A method of systematic reporting of such second-order examinations of manipulation checks or other similar assessments in behavioral public administration would be valuable to scholars in the field. It would create greater efficiencies in the design of research and contribute to the internal validity of experimental work. Publishing such work as formal articles likely sets a high barrier and might be perceived as imposing high relative costs on the researcher. A convenient and accessible reporting system via some type of searchable repository or blog might be an alternative way to communicate what could be a valuable information to the scholarly community.
There is a literature raising a question about pretreatment manipulation tests and whether or not that generates a framing effect that might bias the experiment (Fayant et al., 2017; Hauser et al., 2018). Our discussion only involves post-treatment manipulation tests and thus any potential framing problems should not be relevant. Our discussion does not directly deal with attention tests that seek to determine if respondents are responding randomly or simply being inattentive but do not apply directly to the treatment.
The control group might not be an actual control group but a designated comparison group. For example, gender bias studies might compare women to men, motivated reasoning explanations might compare those with strong pre-existing attitudes to those without, or Bayesian decision experiments might compare those with priors to those without.

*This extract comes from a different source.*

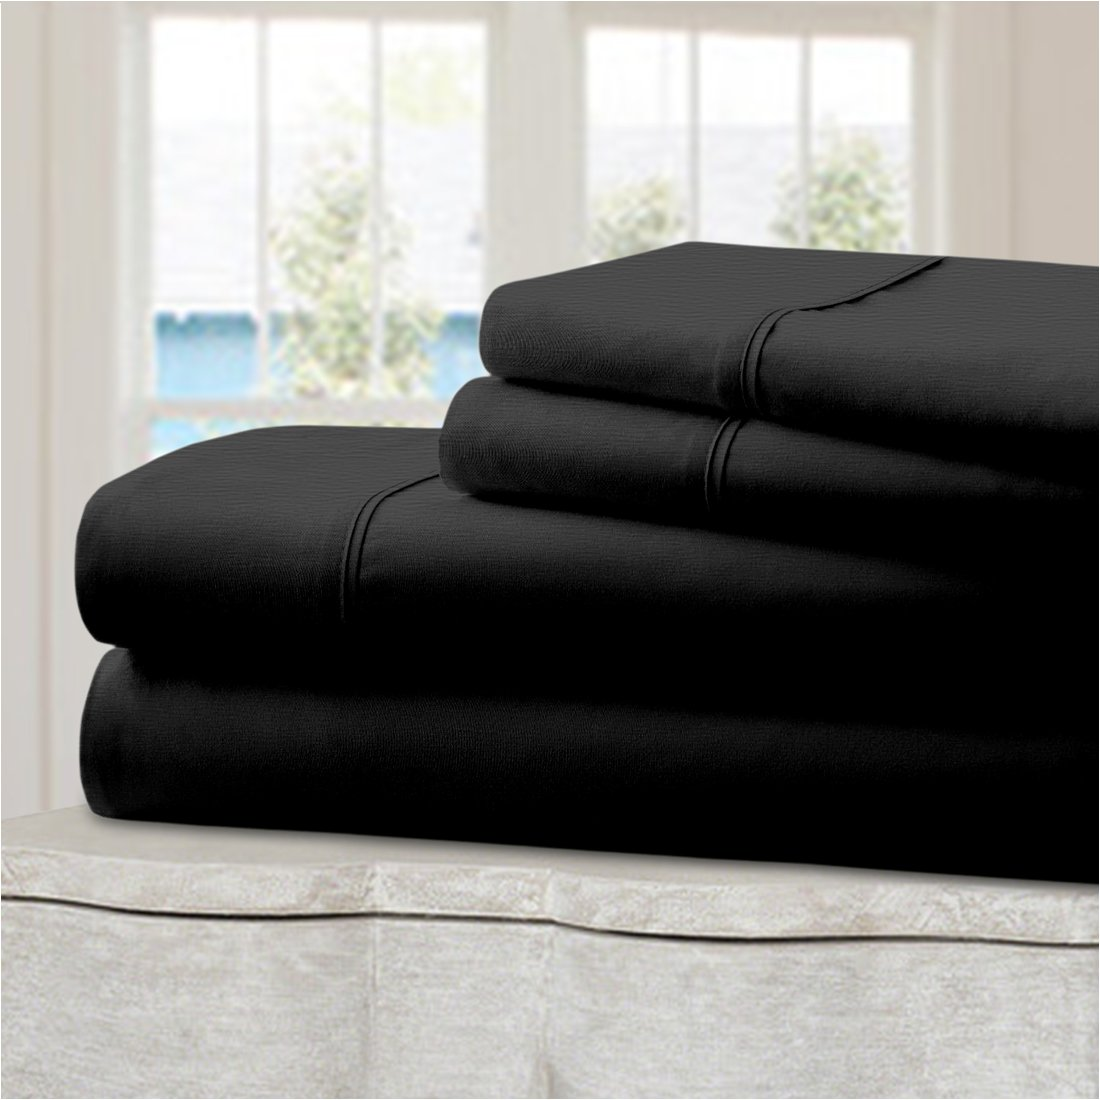 Mellanni 100% Cotton Bed Sheet Set King Black

We get some fragmentary evidence that separates out country effects given that we initially tried to use MTurk in Italy, Spain, and Canada, but in all three cases were unable to get sufficient subjects and abandoned those subjects and recruited a full panel via Prolific. That evidence is very mixed as shown by the respective Prolific and MTurk results for Italy (91.6 v. 90.4), Spain (86.3 v. 86.6), and Canada (93.0 v. 88.4).
Payment rates do appear to affect participation, that is, how quickly the number of needed subjects participate in the experiment (Buhrmester et al., 2011) but no studies have examined how payment rates affect quality.